I visited a skilled and gentle healer in whose presence my heart quietened.  

I reflected on what might represent the opposite of fear, and then endeavoured to dream this antidote into all of my cells.

I wrote songs that had been brewing for years.

I sketched pictures of hearts in healing shades of blue.   

I scribbled words in notebooks.   I considered how any heart bunged with memory and emotion might come to sag, misshapen as a Christmas stocking.  

I acknowledged how the twin agents of sorrow and guilt could not so much whistle through a heart as leave gluey thumbprints all over chambers no longer  pristine and correct, where the  femme de ménage in this case, me – may not have exercised her duty to the full. 

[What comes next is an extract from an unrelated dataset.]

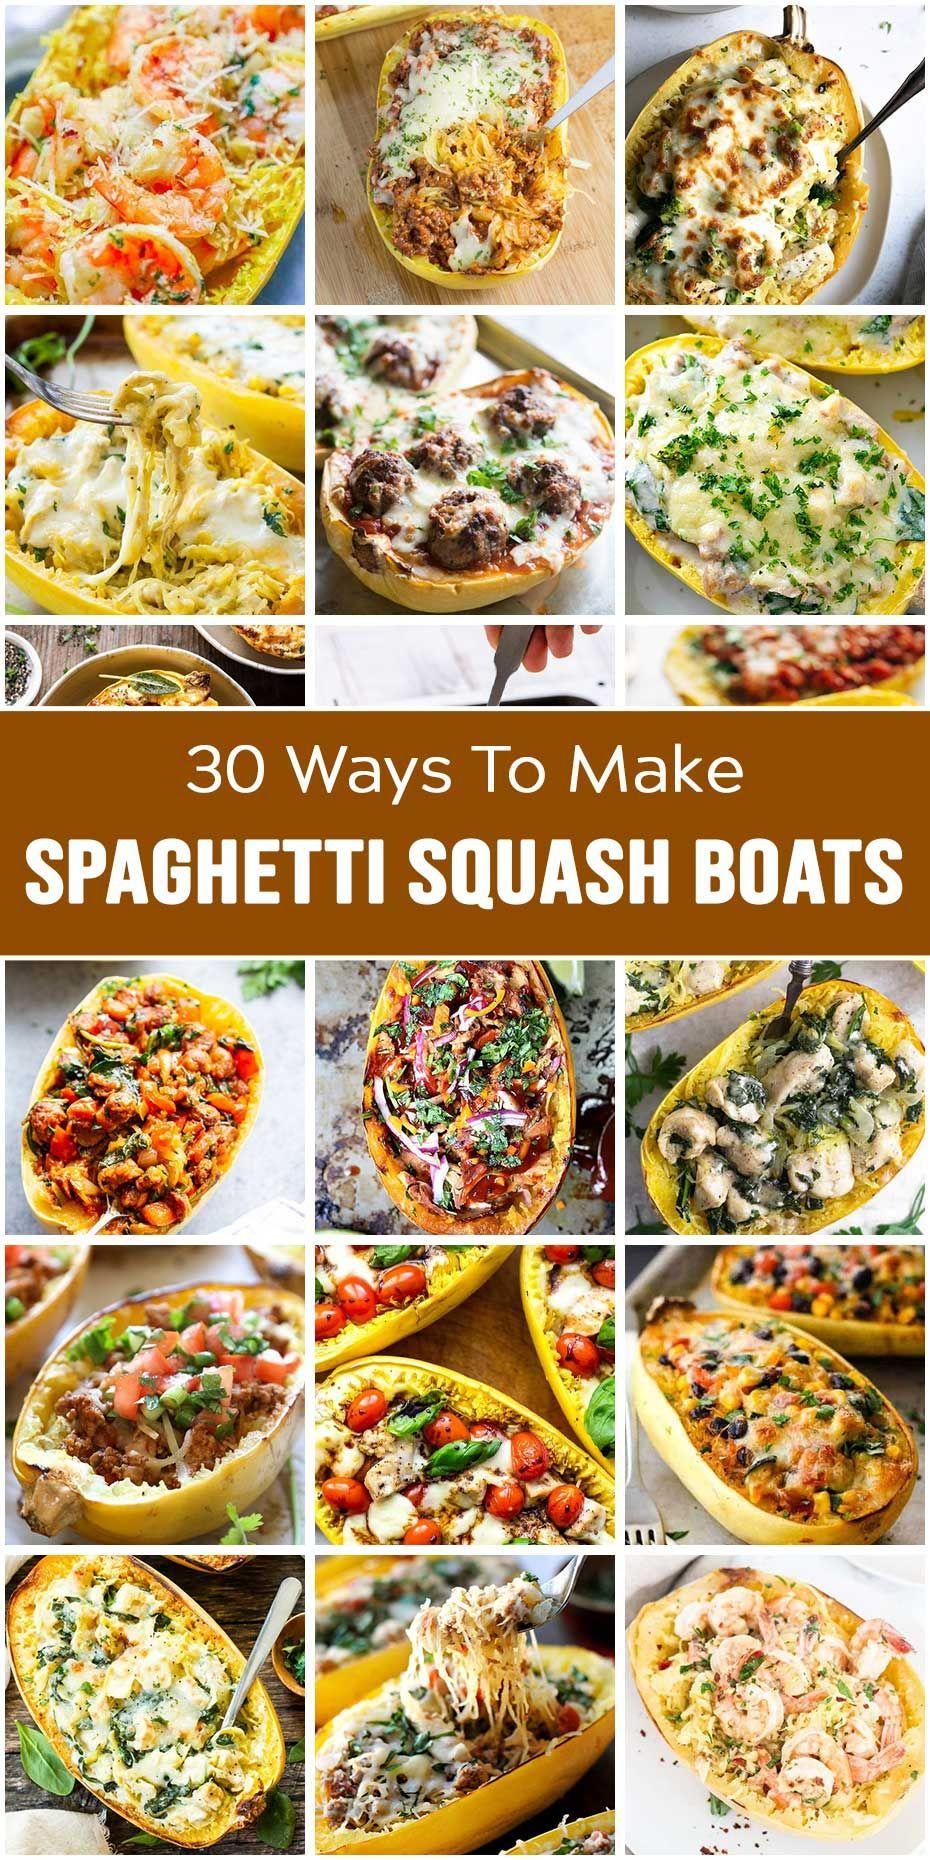 Spaghetti Squash Boats: Crazy Good Food For Meals #stuffedspaghettisquash Spaghetti Squash Boats: Crazy Good Food For Meals #stuffedspaghettisquash
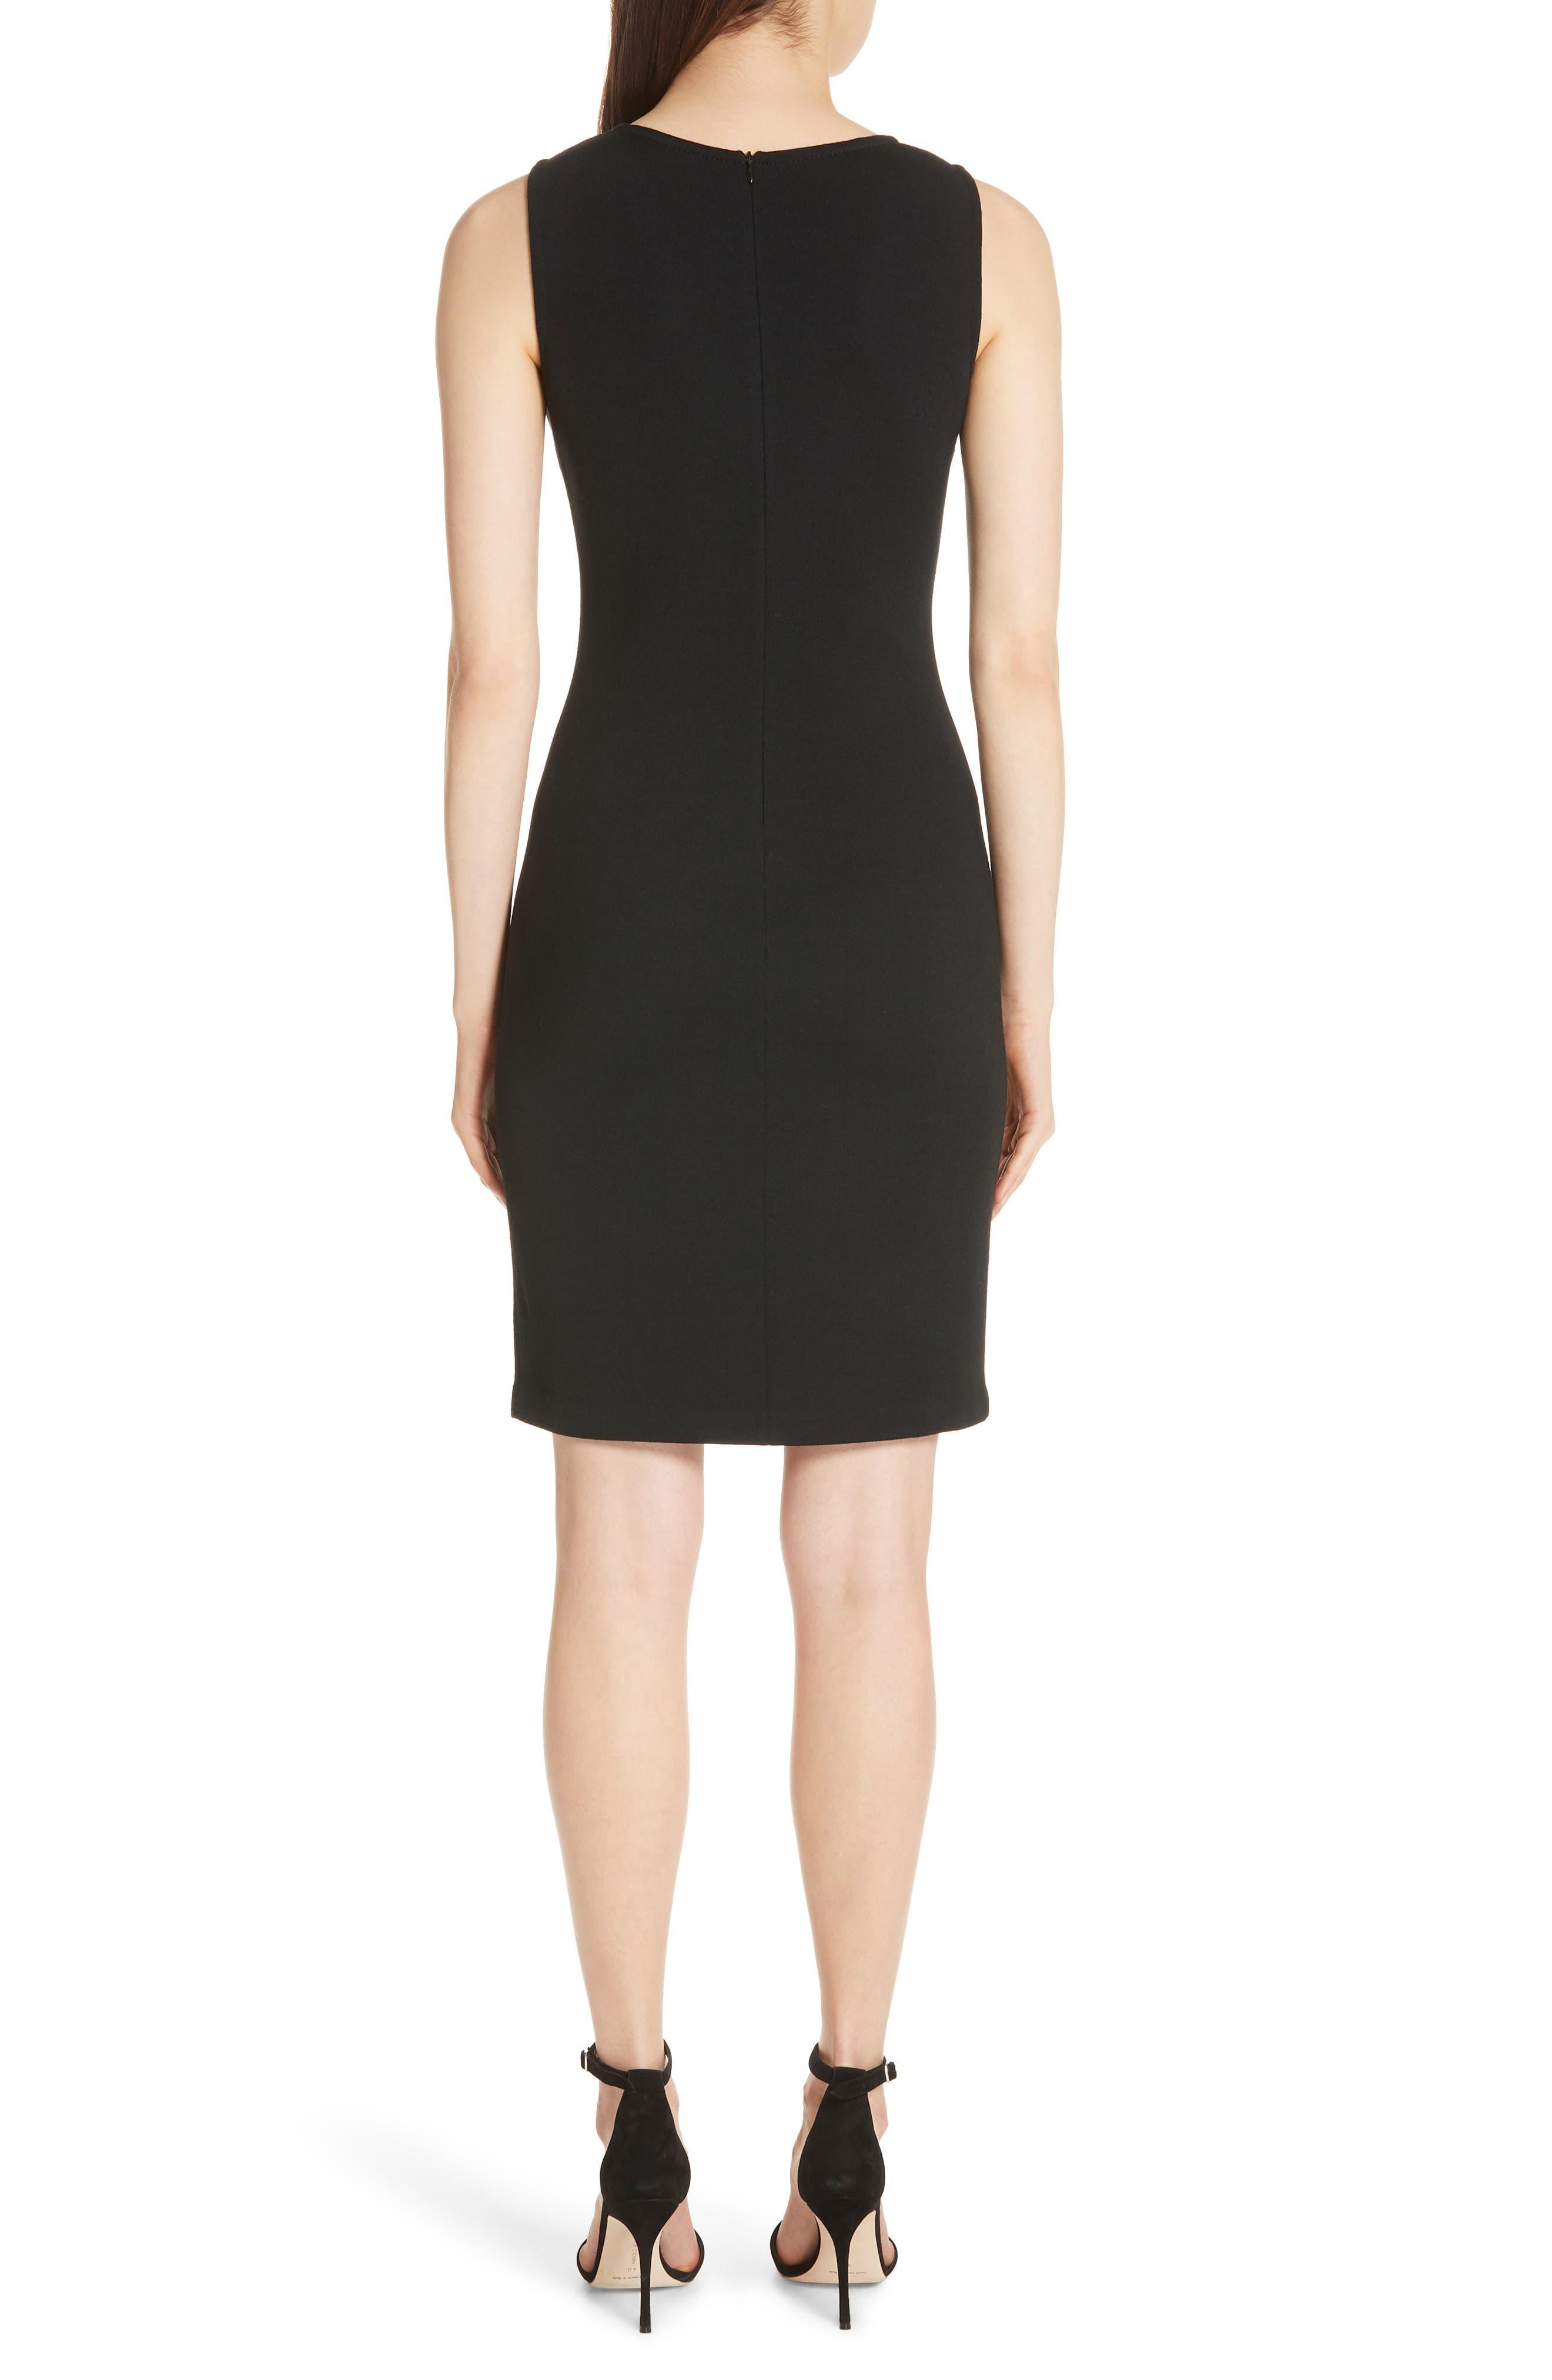 ST. JOHN COLLECTION,                             Sleeveless Milano Knit Dress,                             Alternate thumbnail 2, color,                             CAVIAR

And finally, mentally prepared for the possibility of the insertion of a cardiac stent, I showed up a couple of weeks ago at my local hospital to submit to the medically advanced probing and inking of my heart.  

On the huge screen beside me, the lightning strikes of my coronary arteries revealed themselves -  jagged, beautiful, breathtakingly visible.  'They all look fine,' said my consultant.  

So, am I out of the woods?  We are none of us ever out of the woods.  Am I fit?  My programme of fitness commences.  Is my heart all right?  I hope so – now that I have heard it, paid it homage, dipped buckets in its well, and seen the breathing imprint of its internal rivers.